Between an Iranian proxy in Yemen and a Turkish proxy in Somalia, Somaliland is the last intact coastline on this corridor not yet pulled into someone else’s strategic design.

This is where Israel enters the equation in ways often overlooked. Berbera, unlike Mogadishu, is not a platform for Turkish ambitions but for regional balance. It is there that counter-Houthi maritime awareness has strengthened, and where partners have deployed Israeli-manufactured early-warning systems – acquired by a third state and moved there with explicit Israeli approval. Principle matters more than specifications: Israeli-origin capabilities do not shift theatres without policy behind them. When Israel authorizes third-party basing, it signals something larger than commerce – a strategic map drawn with intent.

Recognizing Somaliland is not theory but timing and strategic clarity. The longer the international system rewards Somalia’s model – ports sold, coastlines leased, statehood outsourced – the more it fuels proxies, dependency and revisionist reach. Backing Somaliland means backing the only model in the Horn where stability comes from institutions, not patrons. The real question is how long the fiction of non-recognition can last before it exacts a price across the Red Sea corridor.

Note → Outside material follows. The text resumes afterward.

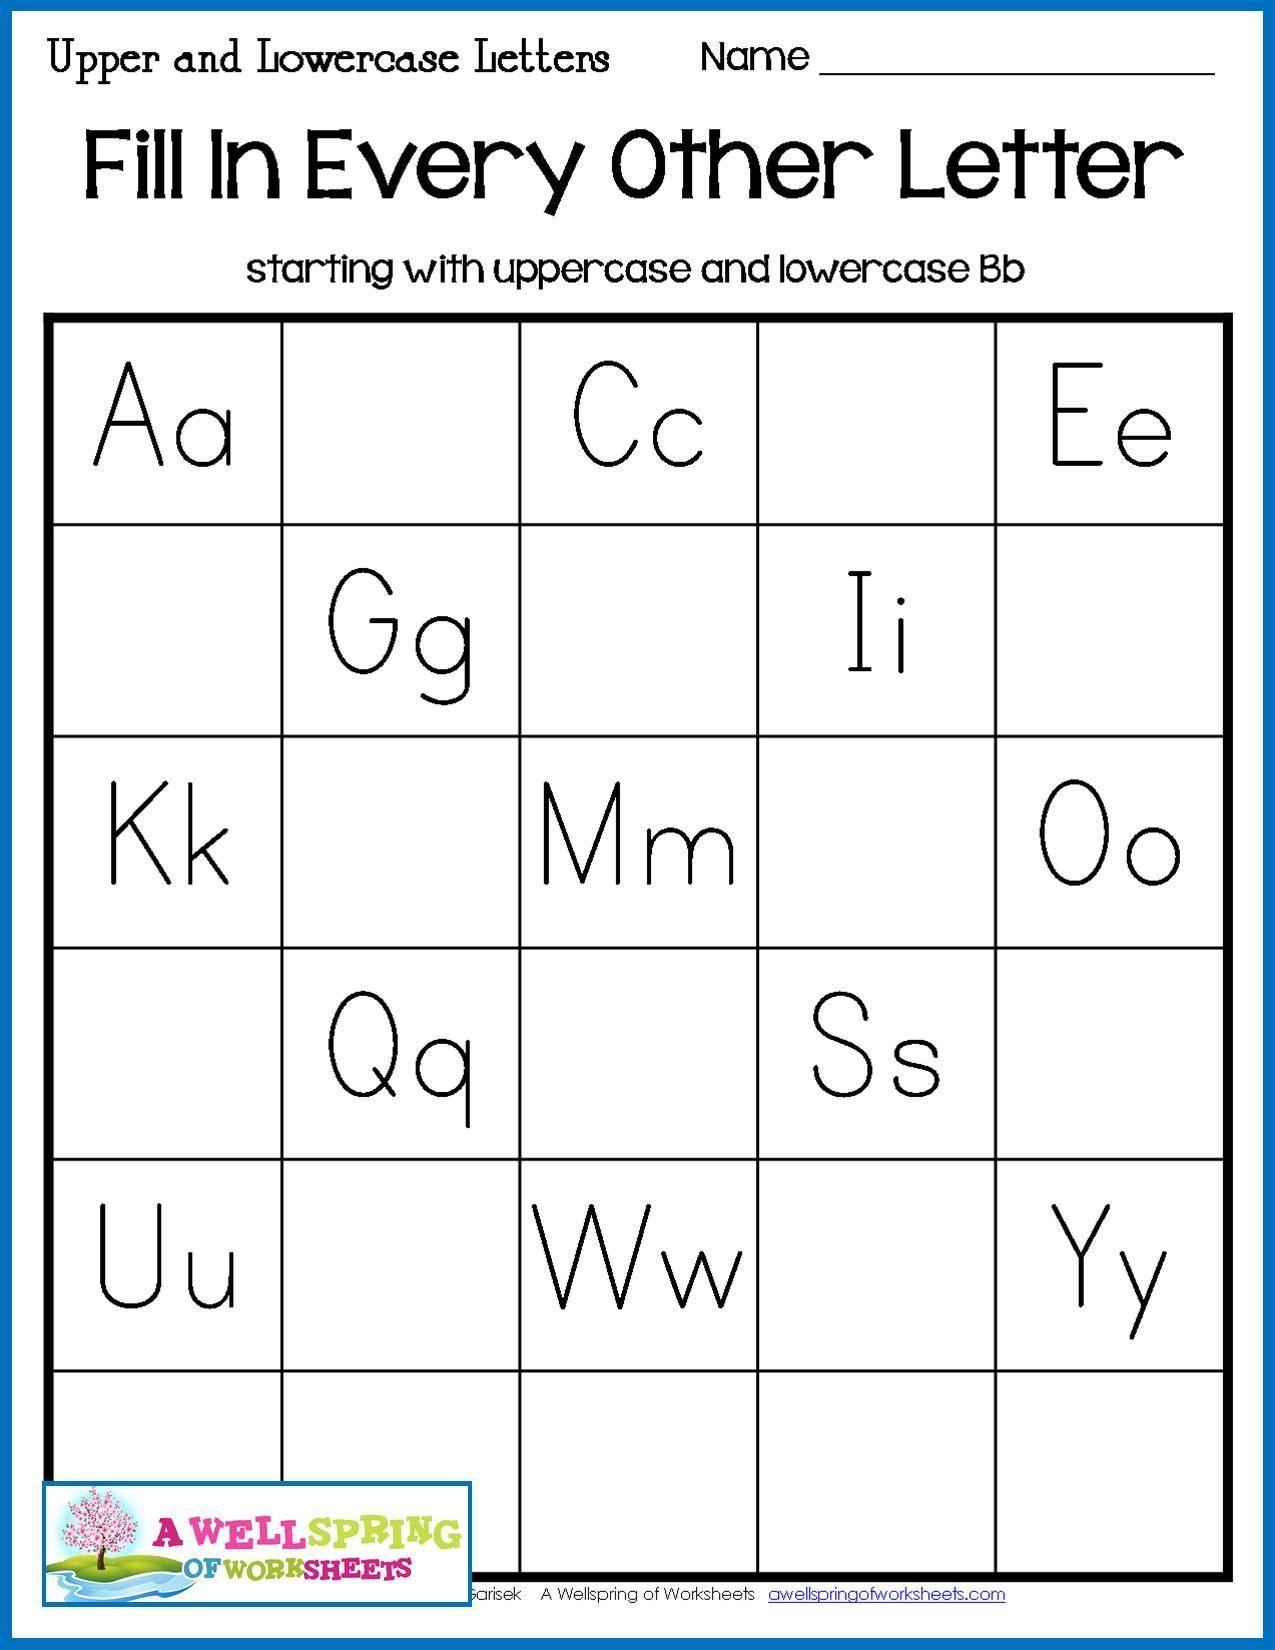 10 Missing Letters Worksheet In

The choice is stark. Either Ankara’s second geography settles into the Red Sea corridor unnoticed, or the Horn’s democratic coastline is strengthened before silence becomes strategy and strategy becomes fact. Israel has aligned its map to this reality. Others must choose whether to face it early or answer it later on Ankara’s terms. The corridor does not wait for hesitation – it rewards those who understand the moment first.